[The records]:
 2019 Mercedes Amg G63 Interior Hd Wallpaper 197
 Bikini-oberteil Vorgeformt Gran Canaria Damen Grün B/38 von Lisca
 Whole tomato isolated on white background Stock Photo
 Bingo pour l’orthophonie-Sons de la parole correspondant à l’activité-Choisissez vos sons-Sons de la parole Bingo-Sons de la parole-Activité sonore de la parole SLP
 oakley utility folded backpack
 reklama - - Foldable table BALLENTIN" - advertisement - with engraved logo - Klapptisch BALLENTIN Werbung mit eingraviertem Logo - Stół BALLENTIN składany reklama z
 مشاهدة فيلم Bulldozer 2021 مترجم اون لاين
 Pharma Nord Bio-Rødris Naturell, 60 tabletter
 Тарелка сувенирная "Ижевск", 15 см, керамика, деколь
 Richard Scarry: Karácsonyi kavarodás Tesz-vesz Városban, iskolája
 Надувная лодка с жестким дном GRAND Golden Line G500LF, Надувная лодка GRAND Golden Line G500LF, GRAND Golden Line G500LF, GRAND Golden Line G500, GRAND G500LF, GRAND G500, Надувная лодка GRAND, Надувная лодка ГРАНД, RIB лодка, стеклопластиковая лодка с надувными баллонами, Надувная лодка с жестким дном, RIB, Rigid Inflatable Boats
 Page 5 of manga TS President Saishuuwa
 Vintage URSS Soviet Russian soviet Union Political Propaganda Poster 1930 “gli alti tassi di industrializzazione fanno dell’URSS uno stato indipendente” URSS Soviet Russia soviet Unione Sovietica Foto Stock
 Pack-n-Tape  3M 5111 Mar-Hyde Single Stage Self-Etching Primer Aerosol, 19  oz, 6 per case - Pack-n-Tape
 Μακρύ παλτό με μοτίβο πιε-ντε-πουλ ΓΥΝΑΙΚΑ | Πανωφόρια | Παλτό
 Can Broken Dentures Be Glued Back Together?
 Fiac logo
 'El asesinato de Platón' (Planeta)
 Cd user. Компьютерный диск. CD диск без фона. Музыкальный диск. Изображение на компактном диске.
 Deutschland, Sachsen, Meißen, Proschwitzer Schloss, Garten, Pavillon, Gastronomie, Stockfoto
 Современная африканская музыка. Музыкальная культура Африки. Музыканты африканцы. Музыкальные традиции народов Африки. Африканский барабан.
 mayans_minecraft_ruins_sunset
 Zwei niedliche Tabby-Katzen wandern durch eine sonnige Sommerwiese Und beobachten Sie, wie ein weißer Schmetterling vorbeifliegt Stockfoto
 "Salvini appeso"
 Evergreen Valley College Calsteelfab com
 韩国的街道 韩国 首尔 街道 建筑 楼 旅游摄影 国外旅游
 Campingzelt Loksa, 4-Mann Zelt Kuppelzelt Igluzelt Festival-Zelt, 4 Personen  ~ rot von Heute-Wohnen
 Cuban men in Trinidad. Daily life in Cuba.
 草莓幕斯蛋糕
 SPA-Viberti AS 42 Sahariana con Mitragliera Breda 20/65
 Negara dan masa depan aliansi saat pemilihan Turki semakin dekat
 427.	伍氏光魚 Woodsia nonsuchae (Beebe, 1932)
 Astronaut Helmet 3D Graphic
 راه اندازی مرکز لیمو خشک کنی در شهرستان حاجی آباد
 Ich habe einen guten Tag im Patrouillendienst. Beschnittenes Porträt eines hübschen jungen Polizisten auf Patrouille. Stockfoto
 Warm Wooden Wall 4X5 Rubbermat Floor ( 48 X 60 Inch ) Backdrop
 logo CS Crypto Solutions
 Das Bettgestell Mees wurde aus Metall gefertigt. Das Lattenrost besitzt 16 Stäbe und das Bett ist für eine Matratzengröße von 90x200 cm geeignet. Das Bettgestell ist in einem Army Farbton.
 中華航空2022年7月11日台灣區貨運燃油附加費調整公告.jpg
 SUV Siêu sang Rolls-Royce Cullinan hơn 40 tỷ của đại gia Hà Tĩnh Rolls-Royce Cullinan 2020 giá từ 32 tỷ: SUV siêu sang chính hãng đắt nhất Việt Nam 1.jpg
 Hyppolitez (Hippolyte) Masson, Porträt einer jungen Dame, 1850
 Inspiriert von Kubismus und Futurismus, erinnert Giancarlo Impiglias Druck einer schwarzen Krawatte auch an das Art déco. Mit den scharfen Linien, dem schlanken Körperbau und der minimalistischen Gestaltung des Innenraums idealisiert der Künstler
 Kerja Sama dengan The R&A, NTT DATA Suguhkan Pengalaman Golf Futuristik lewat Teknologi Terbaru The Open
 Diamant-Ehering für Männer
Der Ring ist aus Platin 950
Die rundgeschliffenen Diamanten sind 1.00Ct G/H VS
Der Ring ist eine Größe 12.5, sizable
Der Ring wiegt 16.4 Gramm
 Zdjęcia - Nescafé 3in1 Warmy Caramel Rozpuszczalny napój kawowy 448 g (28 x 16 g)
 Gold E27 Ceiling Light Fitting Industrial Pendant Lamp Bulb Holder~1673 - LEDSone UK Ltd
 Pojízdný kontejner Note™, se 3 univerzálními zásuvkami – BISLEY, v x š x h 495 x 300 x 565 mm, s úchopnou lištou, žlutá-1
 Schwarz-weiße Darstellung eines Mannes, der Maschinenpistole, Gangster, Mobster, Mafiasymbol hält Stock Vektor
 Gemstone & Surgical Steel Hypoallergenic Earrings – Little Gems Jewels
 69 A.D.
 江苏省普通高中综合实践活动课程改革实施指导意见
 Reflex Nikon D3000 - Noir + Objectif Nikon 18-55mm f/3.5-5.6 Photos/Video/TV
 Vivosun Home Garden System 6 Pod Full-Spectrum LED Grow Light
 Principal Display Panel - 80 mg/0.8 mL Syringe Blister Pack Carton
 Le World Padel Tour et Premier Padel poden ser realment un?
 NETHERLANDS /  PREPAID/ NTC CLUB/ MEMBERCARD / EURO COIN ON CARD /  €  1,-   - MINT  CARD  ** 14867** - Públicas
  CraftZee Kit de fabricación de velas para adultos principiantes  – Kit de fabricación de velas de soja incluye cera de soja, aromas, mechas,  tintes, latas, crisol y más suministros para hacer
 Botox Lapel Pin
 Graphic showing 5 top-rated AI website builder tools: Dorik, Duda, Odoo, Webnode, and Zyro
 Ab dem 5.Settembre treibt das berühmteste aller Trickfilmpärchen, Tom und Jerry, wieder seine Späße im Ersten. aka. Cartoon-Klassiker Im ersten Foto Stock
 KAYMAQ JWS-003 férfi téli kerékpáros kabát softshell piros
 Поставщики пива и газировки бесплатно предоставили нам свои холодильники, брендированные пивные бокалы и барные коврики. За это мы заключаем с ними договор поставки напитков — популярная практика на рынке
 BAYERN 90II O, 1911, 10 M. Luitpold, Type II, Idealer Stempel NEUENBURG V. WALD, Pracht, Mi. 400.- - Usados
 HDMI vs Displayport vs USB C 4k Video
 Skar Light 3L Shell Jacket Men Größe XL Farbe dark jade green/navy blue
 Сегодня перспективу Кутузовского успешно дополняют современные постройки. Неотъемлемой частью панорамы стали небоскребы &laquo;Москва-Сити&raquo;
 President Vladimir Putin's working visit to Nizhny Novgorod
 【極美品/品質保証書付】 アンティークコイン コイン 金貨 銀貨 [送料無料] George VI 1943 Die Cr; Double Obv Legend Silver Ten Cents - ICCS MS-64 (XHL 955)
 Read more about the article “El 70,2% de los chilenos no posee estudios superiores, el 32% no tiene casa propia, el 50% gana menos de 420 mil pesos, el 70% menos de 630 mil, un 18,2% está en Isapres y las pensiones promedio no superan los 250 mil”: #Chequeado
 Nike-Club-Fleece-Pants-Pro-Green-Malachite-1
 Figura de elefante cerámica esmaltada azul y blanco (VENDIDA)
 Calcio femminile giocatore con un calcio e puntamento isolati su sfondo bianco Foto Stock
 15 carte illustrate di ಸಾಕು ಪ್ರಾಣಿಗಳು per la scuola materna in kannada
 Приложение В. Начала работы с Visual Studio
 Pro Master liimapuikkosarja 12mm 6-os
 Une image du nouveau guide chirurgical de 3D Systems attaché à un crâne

[What to do]:
Starting at the line that has "Pharma Nord Bio-Rødris" and ending at the line that has "Richard Scarry: Karácsonyi", please write out the lines above exactly, leaving out all others.

[Output for this exercise]:
 Pharma Nord Bio-Rødris Naturell, 60 tabletter
 Тарелка сувенирная "Ижевск", 15 см, керамика, деколь
 Richard Scarry: Karácsonyi kavarodás Tesz-vesz Városban, iskolája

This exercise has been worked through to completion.